WORK ITEM:
Please produce a character-exact copy of the listing that follows, omitting all images.

STORED DATA:
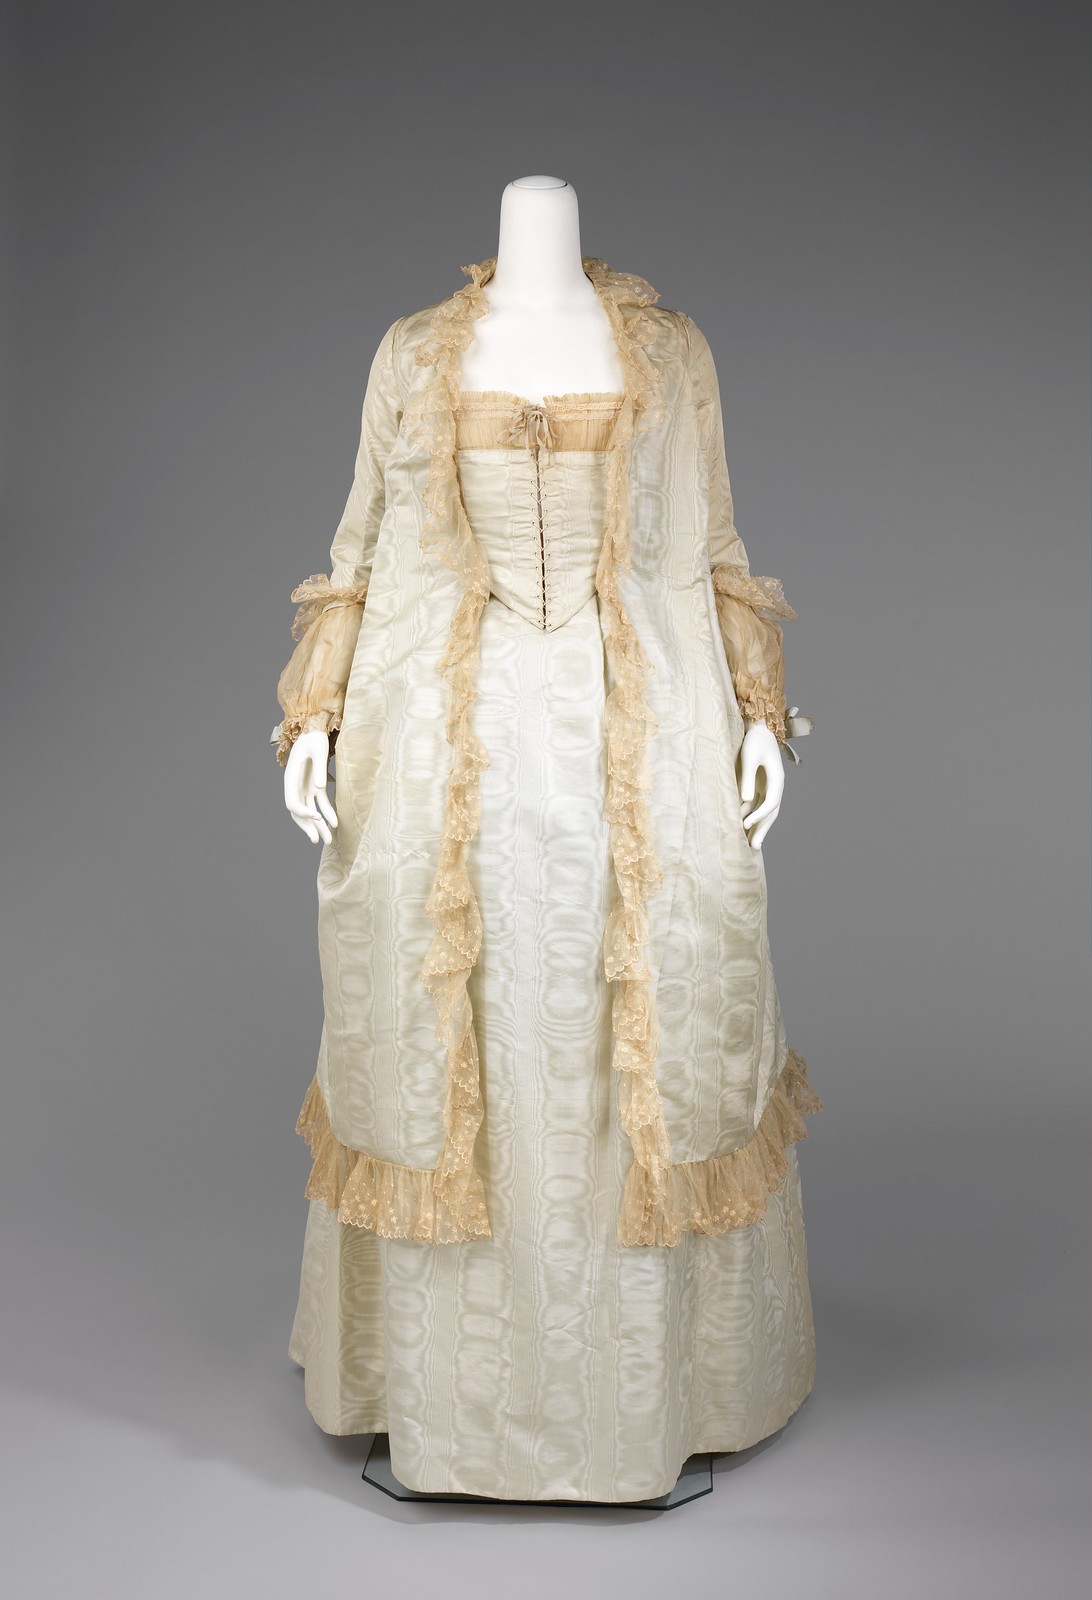 c1878. American. Silk, cotton. metmuseum
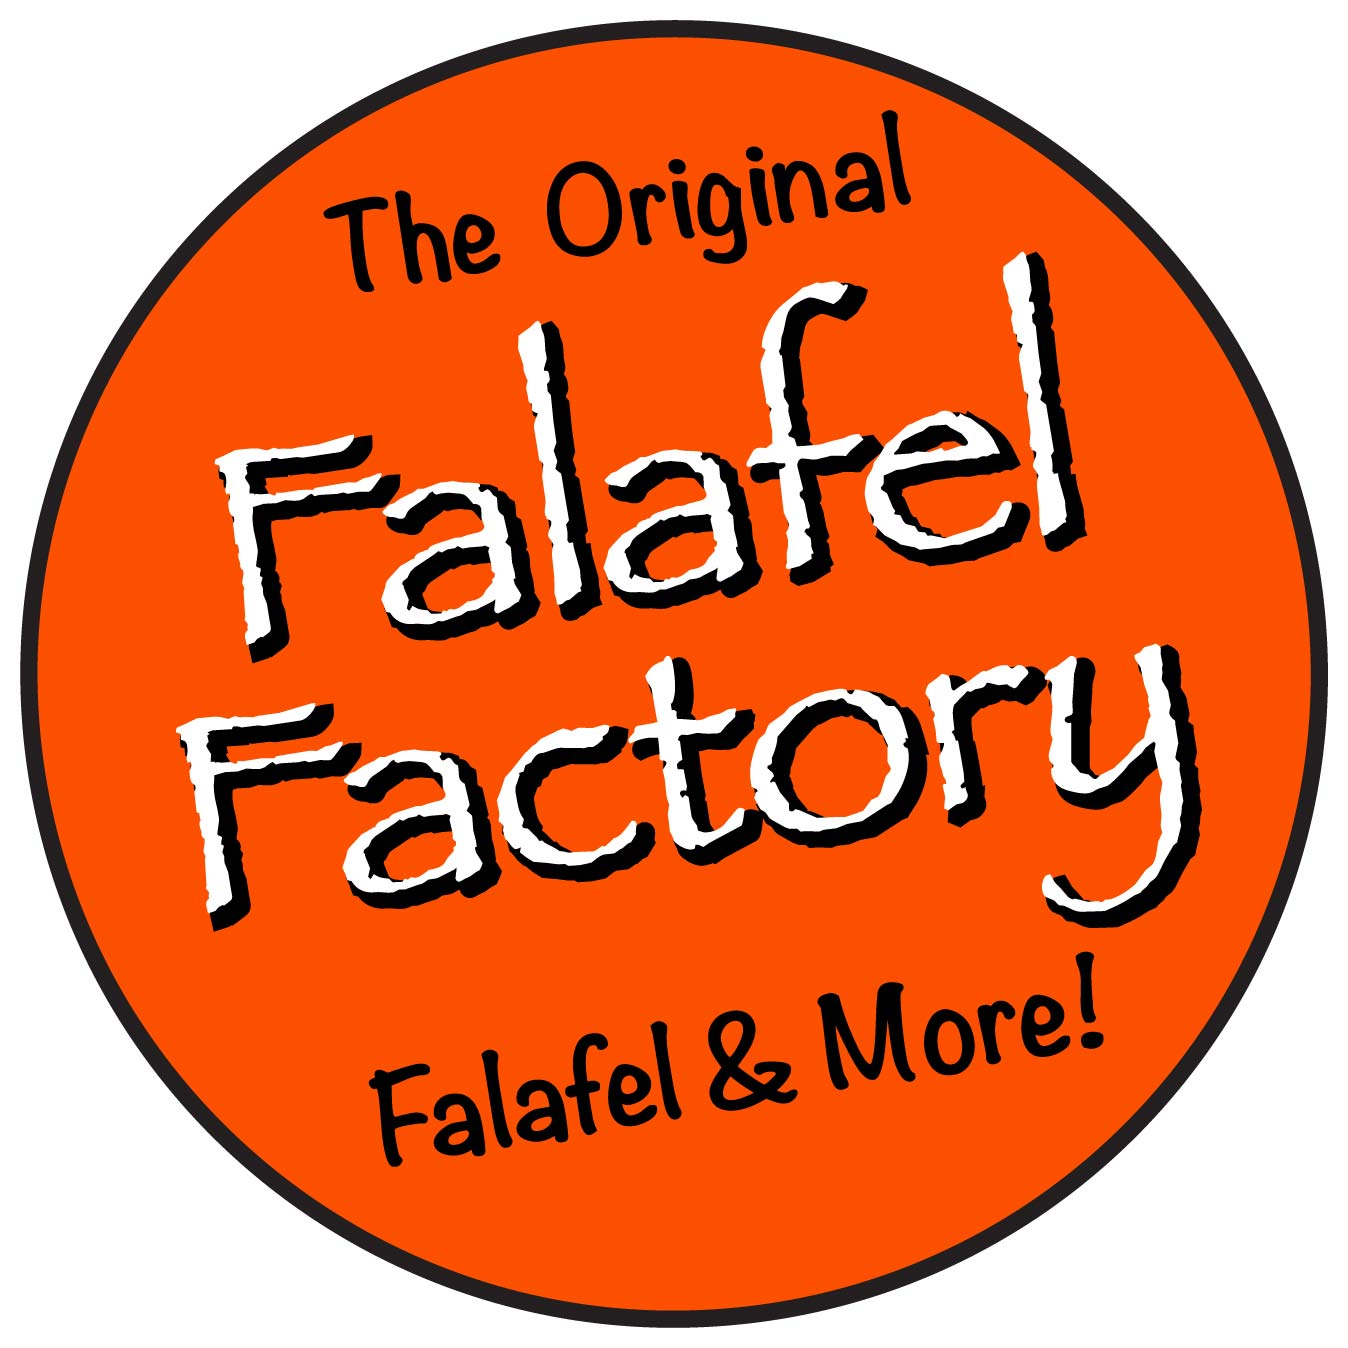 The Original Falafel Factory
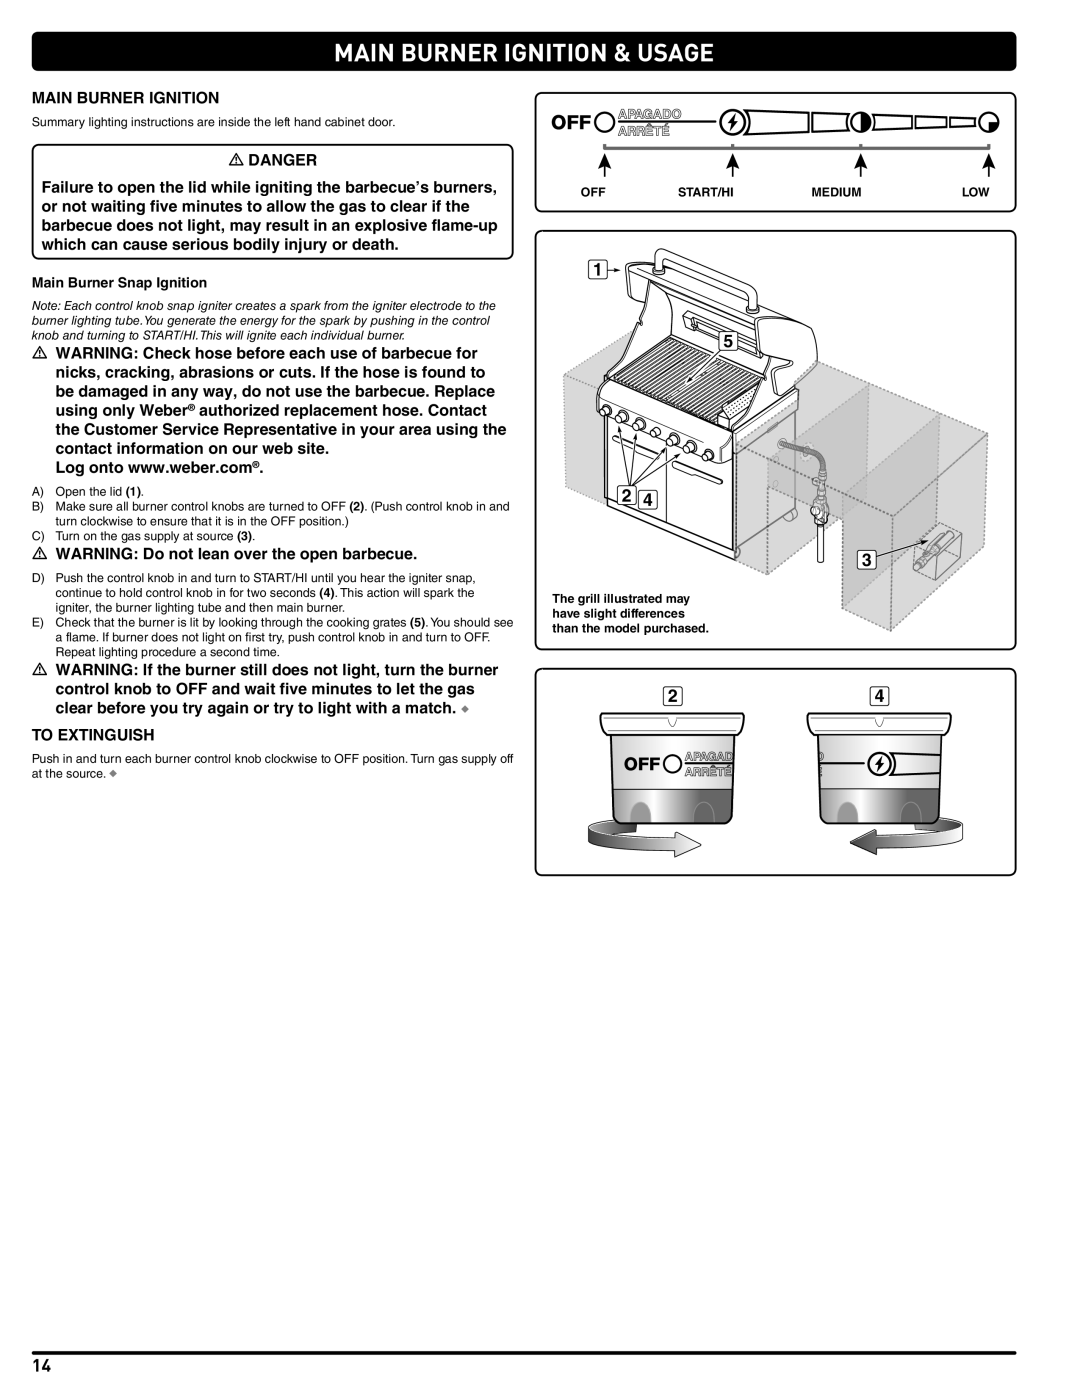 Weber Summit Gas Grill, 56576 manual Main Burner Ignition & Usage, Main Burner Snap Ignition

YOUR SOLUTION:
 c1878. American. Silk, cotton. metmuseum
 The Original Falafel Factory
 Weber Summit Gas Grill, 56576 manual Main Burner Ignition & Usage, Main Burner Snap Ignition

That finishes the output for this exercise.